When young writers dream of becoming journalists, how many envision themselves writing for trade magazines like American Shipper and Onion World? I used to work at a tea company which bagged its own tea, and it always amused me when our new issue of a heavy machinery trade mag arrived in the mail. It turns out, those niche publications are now far more stable, and often more lucrative, than most of the mainstream papers and magazines. Why was I laughing? I had to work at a tea shop to make a living as a writer.

At The Washington Post, Scott Nover takes us to Capitol Hill, where reporters for niche publications now outnumber reporters for the mainstream publications most of us associate with journalism. These reporters have specialties, from agriculture to medical devices, and their work caters to specialists whose particular interests are influenced by what happens on the Hill, and who are willing to pay top dollar for niche news. Besides making certain types of information more expensive, how has this changed other aspects of the media landscape?

Mainstream news organizations in search of new revenue streams have also moved into specialized coverage and research. In 2017, Digiday reported that Politico Pro — Politico’s subscription-based news and intelligence service — had 20,000 paying subscribers and accounted for half of Politico’s total revenue. In 2011, Bloomberg bought the Bureau of National Affairs, a trade publisher, and rebranded it as Bloomberg BNA; Business Insider launched Business Insider Intelligence in 2012.

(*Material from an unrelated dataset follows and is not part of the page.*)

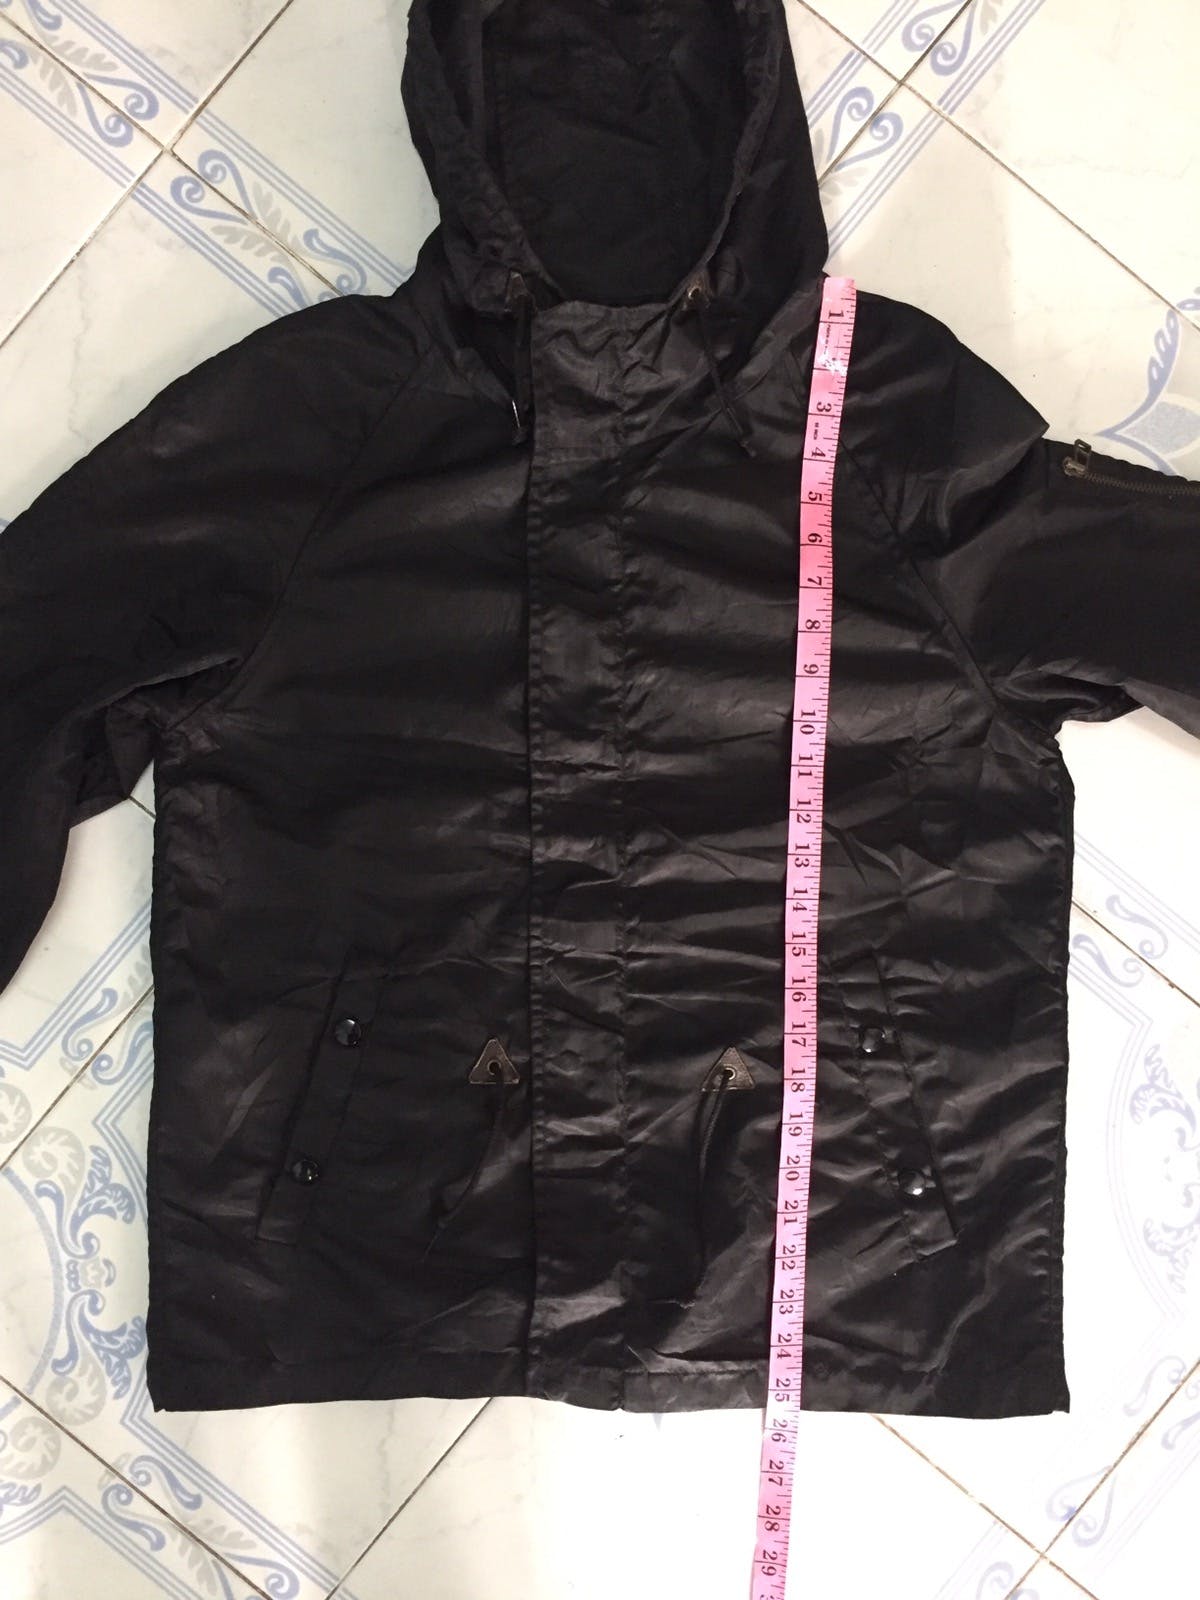 Nylon Schott combat type jacket cap hoodie - 24

When industry is the primary audience, the priorities for reporters can be different from those of mainstream journalists. Ferdous Al-Faruque, who goes by Danny, works for Medtech Insight, an industry trade outlet published by the British company Informa. “A large part of our audience are medical device companies. So their regulatory officers, their CEOs [and] various executives will read our stuff in order to know what is FDA thinking, what is FDA doing, how does this impact our business,” he told me. “The way I always try to remember this is if my articles are not, in some way, making money for the medical device industry, I’m not doing my job because what I write needs to somehow fill their business strategy.” He stressed, though, that the approach doesn’t guarantee favorable coverage. “Even though we might lose a major client because they don’t like what we write … we have to do it because it’s not about them,” he says. “It’s about our credibility.”

Some observers argue that the growing ranks of the trade press do contribute, albeit indirectly, to broader accountability journalism. At an Association for Education in Journalism and Mass Communication conference in August, Usher and her colleague Yee Man Margaret Ng presented their research on social-media conversations between trade journalists in D.C. “What these trade folks are doing, especially on Twitter, is raising [the] alarm when [an] alarm needs to be raised,” Usher told me. “Or they’re covering something in a way that allows more mainstream … journalists to basically survey a sector they would otherwise not pay attention to.”